Li-külli şeyin cevherun ve cevheru'l-insâni'l-aklu ve cevheru'l-akli's-sabru. ''Her şeyin bir cevheri vardır.''
Yani aslı, özü içinde. Mesela cevizin cevheri nedir? Yeşil kabuğu değil, onu atacaksın. Ağaç, odun olan sert kabuğu değil, onu da kıracaksın. O üstündeki zarı da değil, onu da çıkarabilirsen tazeyse, suya koy, onu da çıkar. Asıl cevheri, asıl maksat olan cevizin içi. Her şeyin bir aslı, esası, cevheri vardır.
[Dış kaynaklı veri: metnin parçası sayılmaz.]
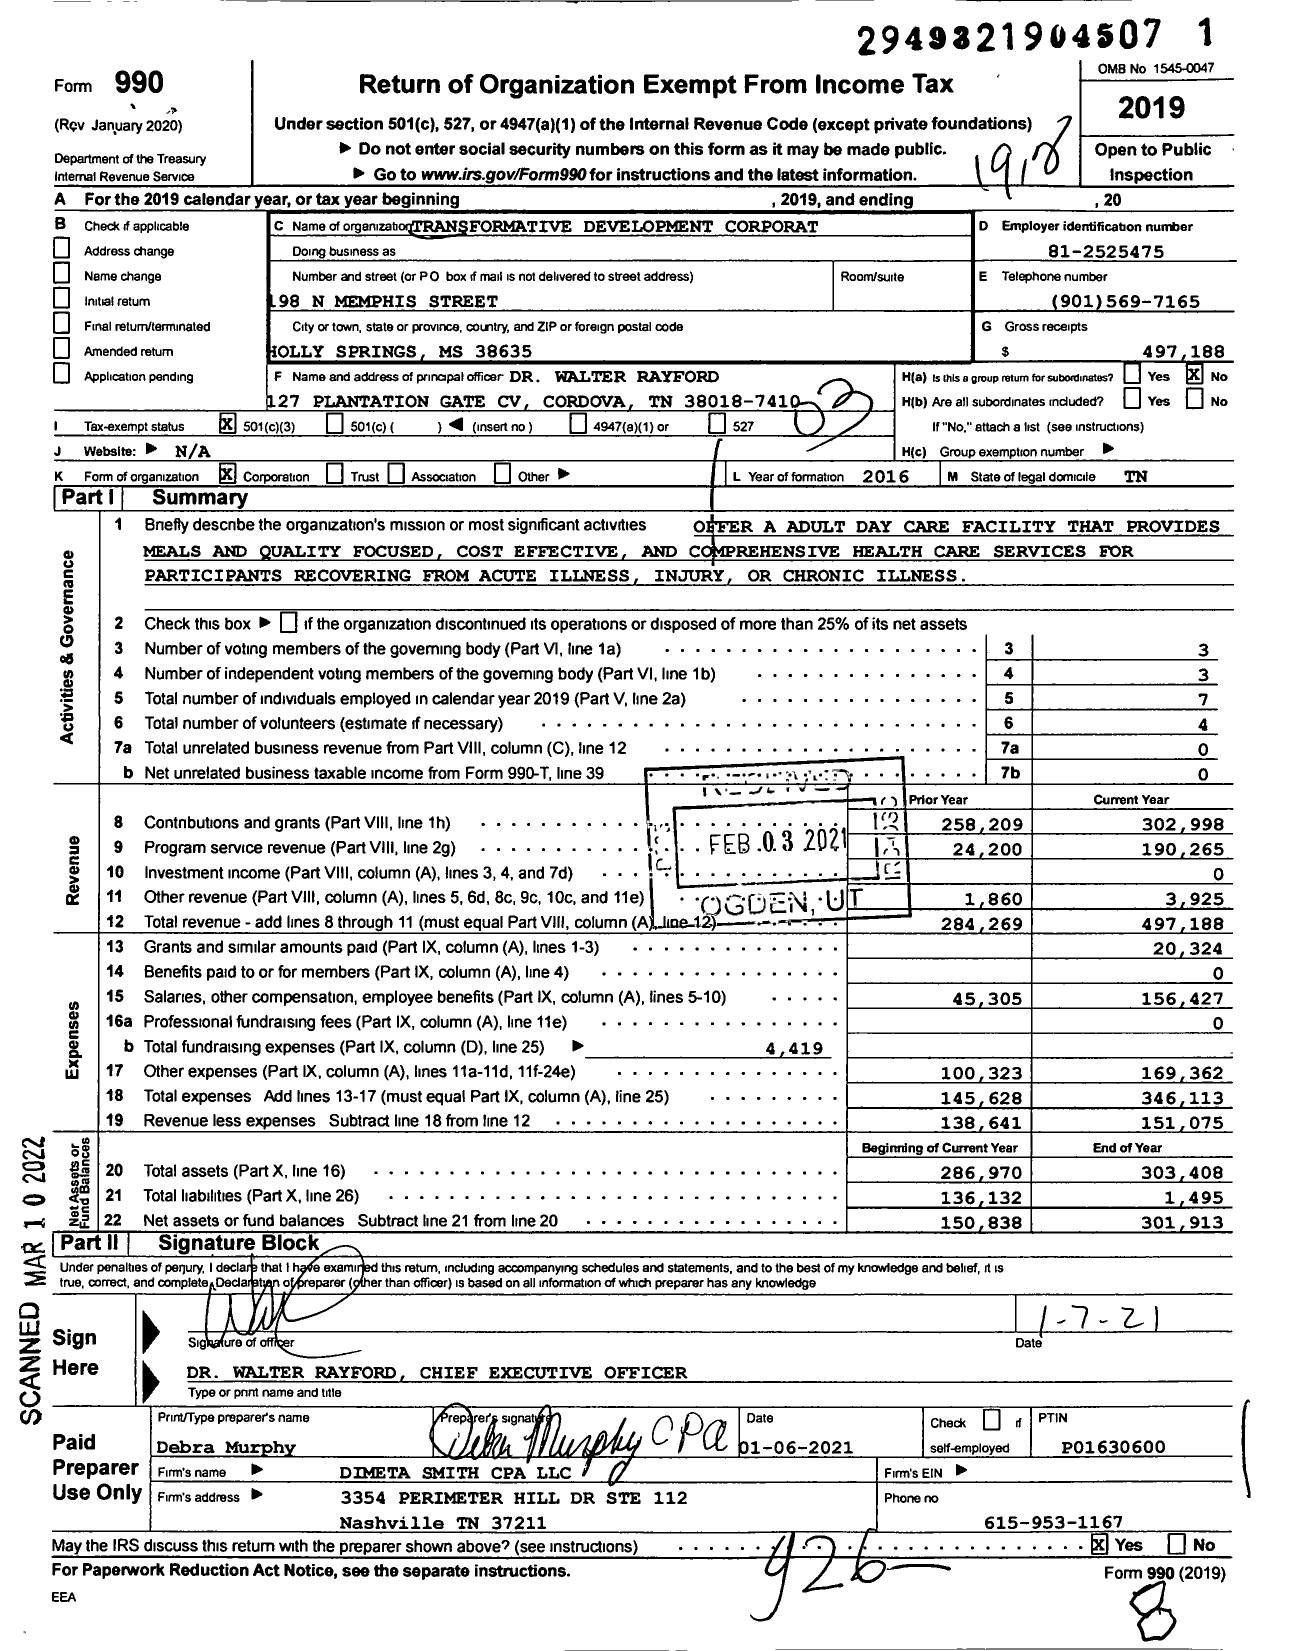 Image of first page of 2019 Form 990 for Transformative Development Corporation

Ve cevheru'l-insâni'l-aklu. ''İnsanın cevheri de aklıdır.''
İnsanın pazusu var, ayağı var, saçı var, bıyığı var, kulağı var. Bunlar kemik, et, kıl filan.
İnsanın aslı ne?
Bunlar kabuk, dış tarafı.
İnsanın asıl özü, cevheri akıldır. Hakikaten öyle değil mi? Bir delinin de pazusu, gücü, kuvveti var. Belki yakışıklı, yüzü çok güzel ama aklı yoksa kıymeti oluyor mu? Deliye kız verirler mi, işe alırlar mı, para verirler mi? Zincire vururlar. İnsanın asıl cevheri aklıdır.
Ve cevherü'l-akli. ''Aklın da özü, esası, temeli yani içi;'' es-Sabru. ''Sabırdır.
'' Sabra ne kadar önem veriyor! Sabırdan yana bir nasibiniz var mı? Sabreder misiniz?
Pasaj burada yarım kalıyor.